The seventh day, the commandment says, is the Sabbath of The Lord thy God. No kind of arithmetic, no kind of almanac, can make seven equal one, nor the seventh mean the first, nor Saturday mean Sunday. ... The fact is that we are all Sabbath breakers, every one of us.
—Rev. Geo. Hodges.
Not any ecclesiastical writer of the first three centuries attributed the origin of Sunday observance either to Christ or to His apostles.
—SIR WILLIAM DOMVILLE, Examination of the Six Texts, pages 6, 7. (Supplement).
There is no word, no hint, in the New Testament about ab­staining from work on Sunday. . . . Into the rest of Sunday no divine law enters…, The observance of Ash Wednesday or Lent stands exactly on the same footing as the observance of Sunday.
—CANON EYTON, 'The Ten Commandments, pages 52, 63, 65.
Is there any command in the New Testament to change the day of weekly rest from Saturday to Sunday? None.
—Manual of Christian Doctrine, page 127.
The Lord's day did not succeed in the place of the Sabbath....The Lord's day was merely an ecclesiastical institution. It was not introduced by virtue of the fourth commandment, because for almost three hundred years together they kept that day which was in that commandment...The primitive Christians did all manner of works upon the Lord's day, even in times of persecution, when they are the strictest observers of all the divine commandments; but in this they knew there was none.
—BISHOP JEREMY TAYLOR, Ductor Dubitantium, Part I, Book II, Chap. 2, Rule 6. Sec. 51, 59.

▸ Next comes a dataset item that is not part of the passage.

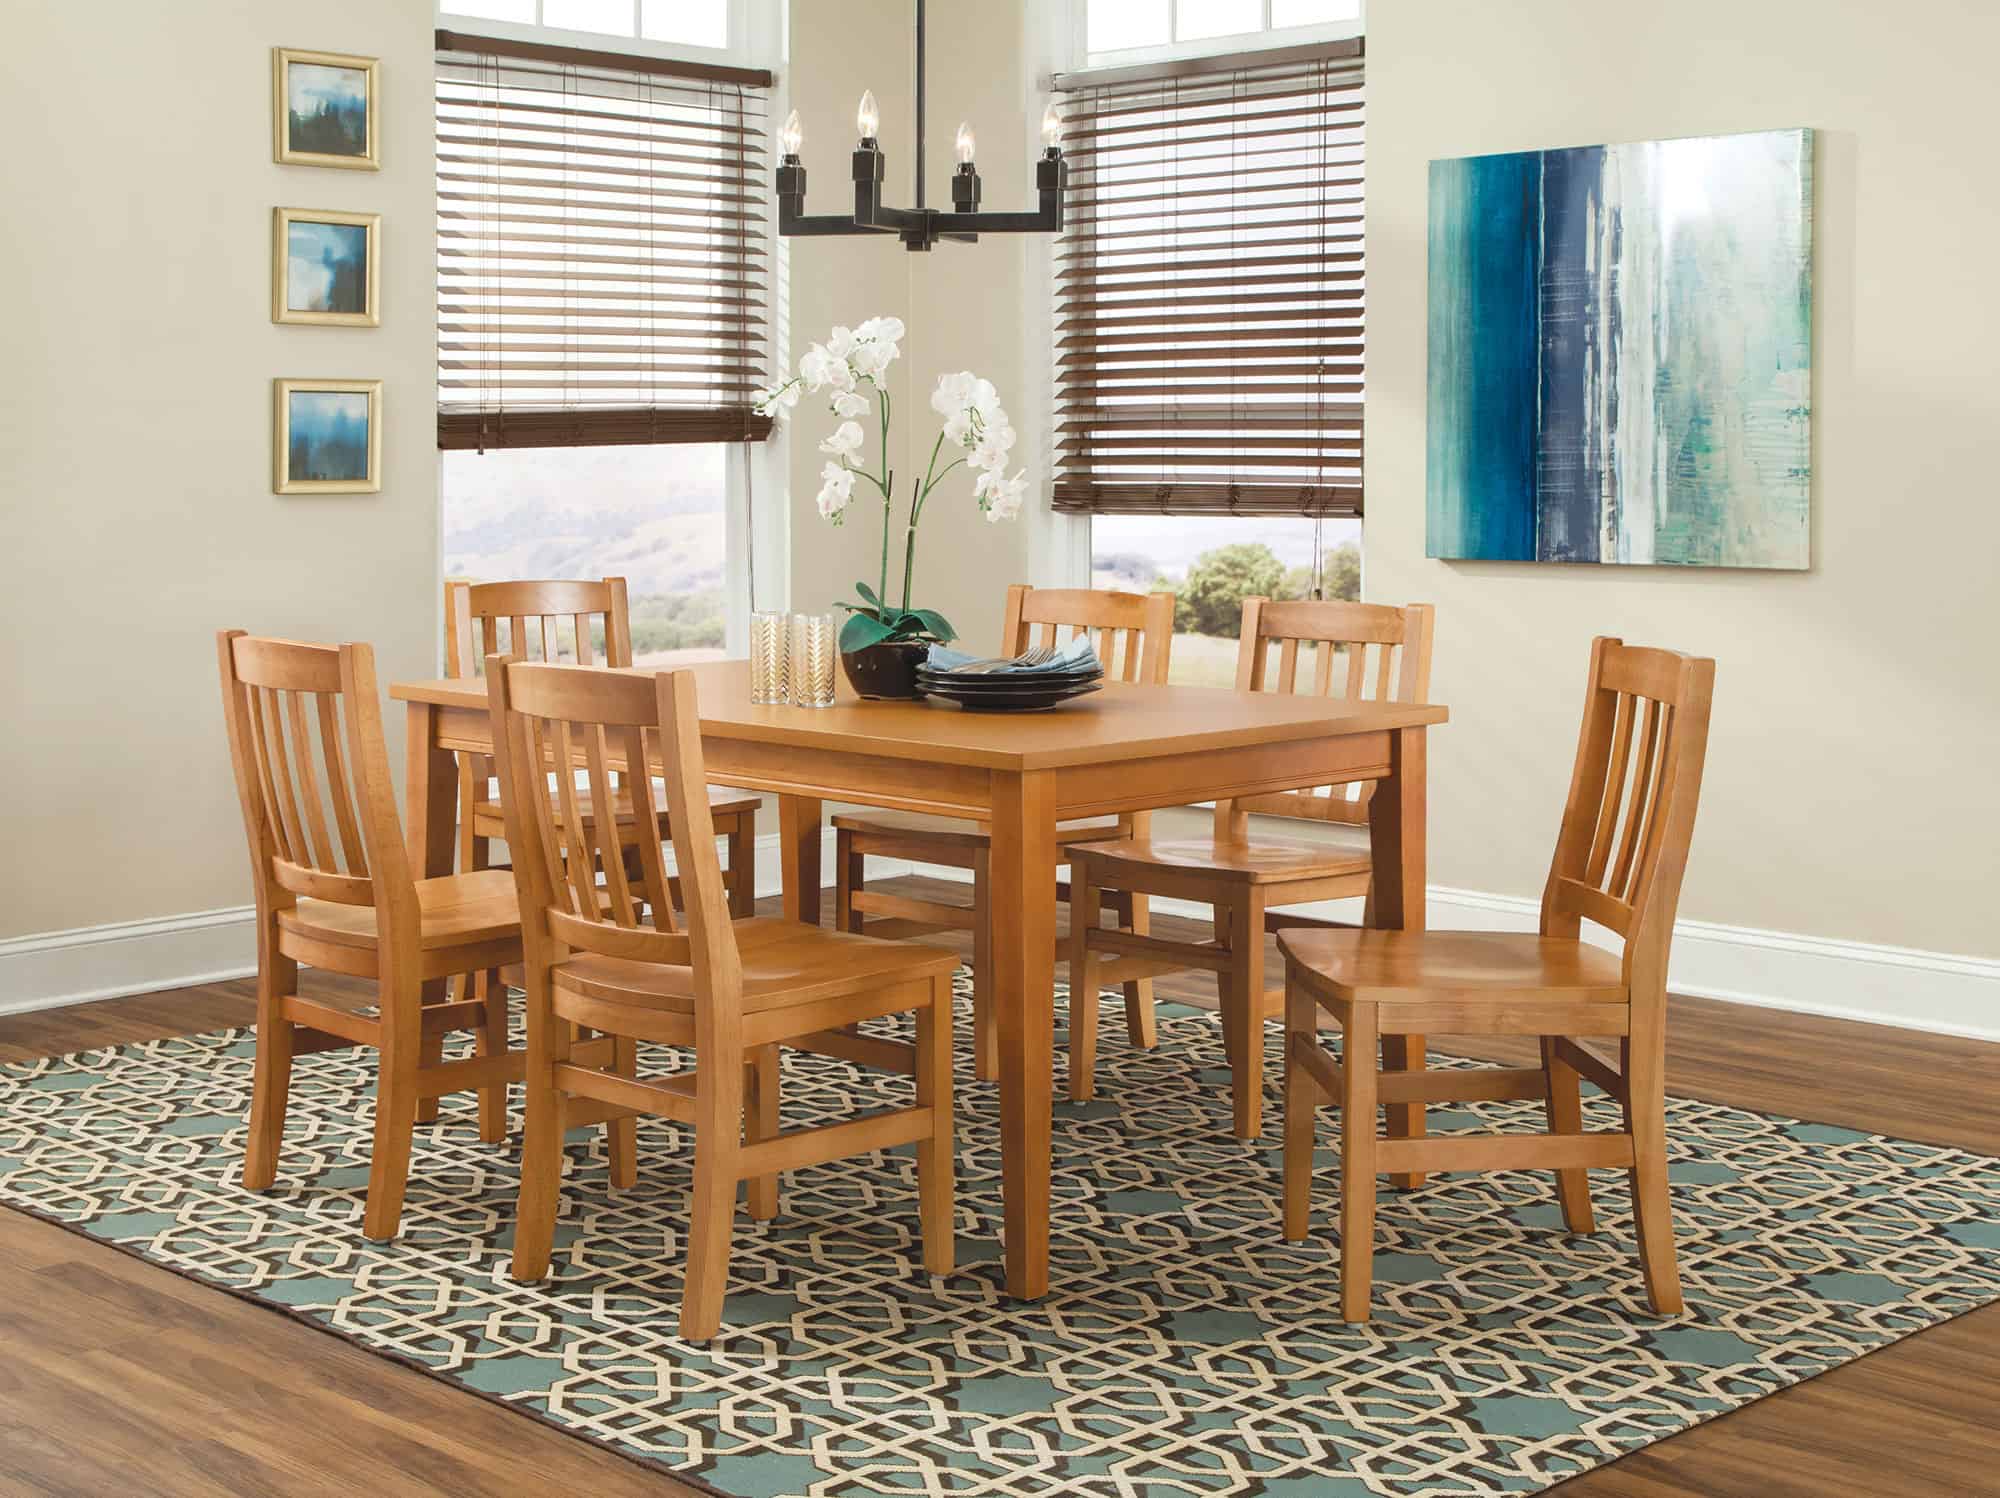 Dalton Collection being shown in a dining room
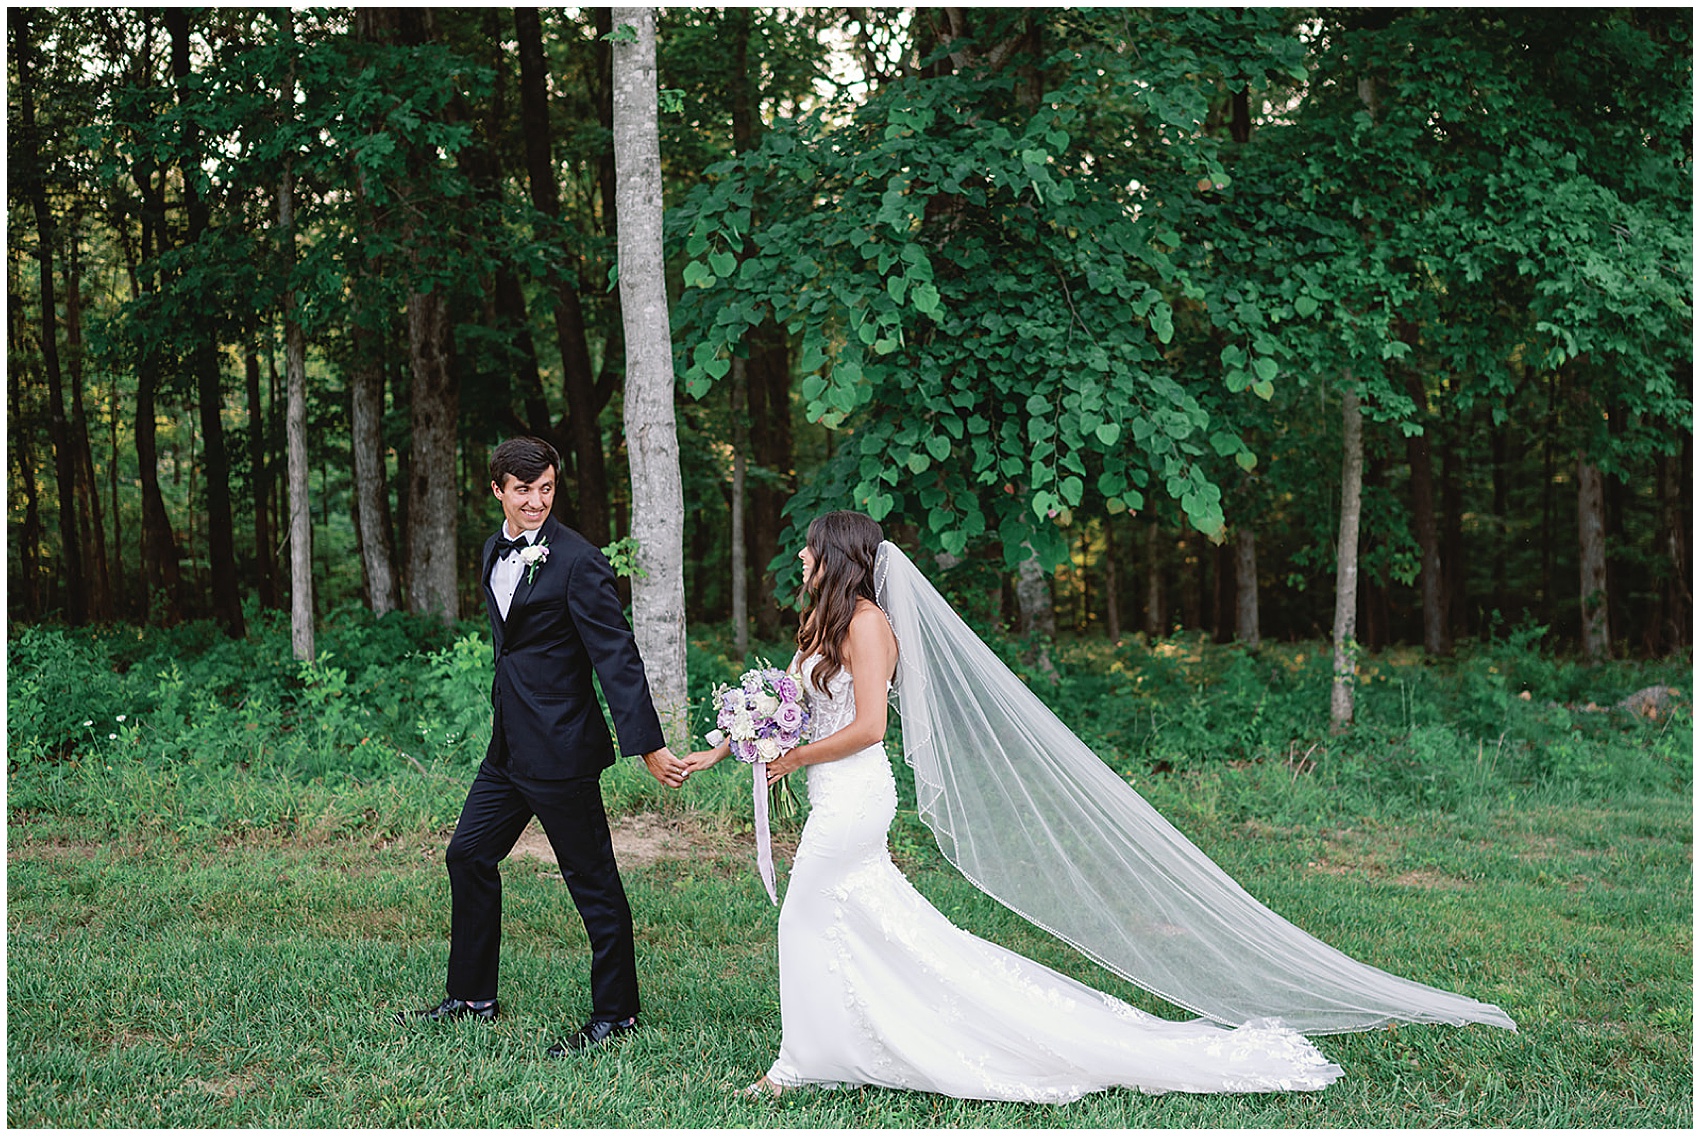 A groom in a black tuxedo leads his bride through a forest trail by the hand at hickory meadow charlotte tn

Sunday being the day on which the Gentiles solemnly adore that planet and called it Sunday, partly from its influence on that day especially, and partly in respect to its divine body (as they conceived it), the Christians thought fit to keep the same day and the same name of it, that they might not appear causelessly peevish, and by that means hinder the conversion of the Gentiles, and bring a greater prejudice than might be otherwise taken against the gospel.
—T. M. MORER, Dialogues on the Lord's Day, pages 22, 23.
The Puritan idea was historically unhappy. It made Sun­day into the Sabbath day. Even educated people call Sunday the Sabbath. Even clergymen do.

But, unless my reckoning is all wrong, the Sabbath day lasts twenty-four hours from six o'clock on Friday evening. It gives over, therefore, before we come to Sunday. If you suggest to a Sabbatarian that he ought to observe the Sabbath on the proper day, you arouse no enthusiasm. He at once replies that the day, not the principle, has been changed. But changed by whom? There is no injunction in the whole of the New Testament to Christians to change the Sabbath into Sunday.
—D. MORSE­-BOYCOTT, Daily Herald, London, Feb. 26, 1931.
The Christian church made no formal, but a gradual and almost unconscious transference of the one day to the other.
—F.W. FARRAR, D.D., The Voice From Sinai, page 167.
Take which you will, either of the Fathers or the moderns, and we shall find no Lord's day instituted by any apostolical man­date; no Sabbath set on foot by them upon the first day of the week.
—PETER HEYLYN, History of the Sabbath, page 410.
Merely to denounce the tendency to secularise Sunday is as futile as it is easy. What we want is to find some principle, to which as Christians we can appeal, and on which we can base both our conduct and our advice. We turn to the New Testament, and we look in vain for any authoritative rule.

There is no recorded word of Christ, there is no word of any of the apostles, which tells how we should keep Sunday, or indeed that we should keep it at all. It is disappointing, for it would make our task much easier if we could point to a definite rule, which left us no option but simple obedience or disobedience. . . . There is no rule for Sunday observance, either in Scripture or history.
—DR. STEPHEN, Bishop of Newcastle, N.S.W., in an address reported in the Newcastle Morn­ing Herald, May 14, 1924.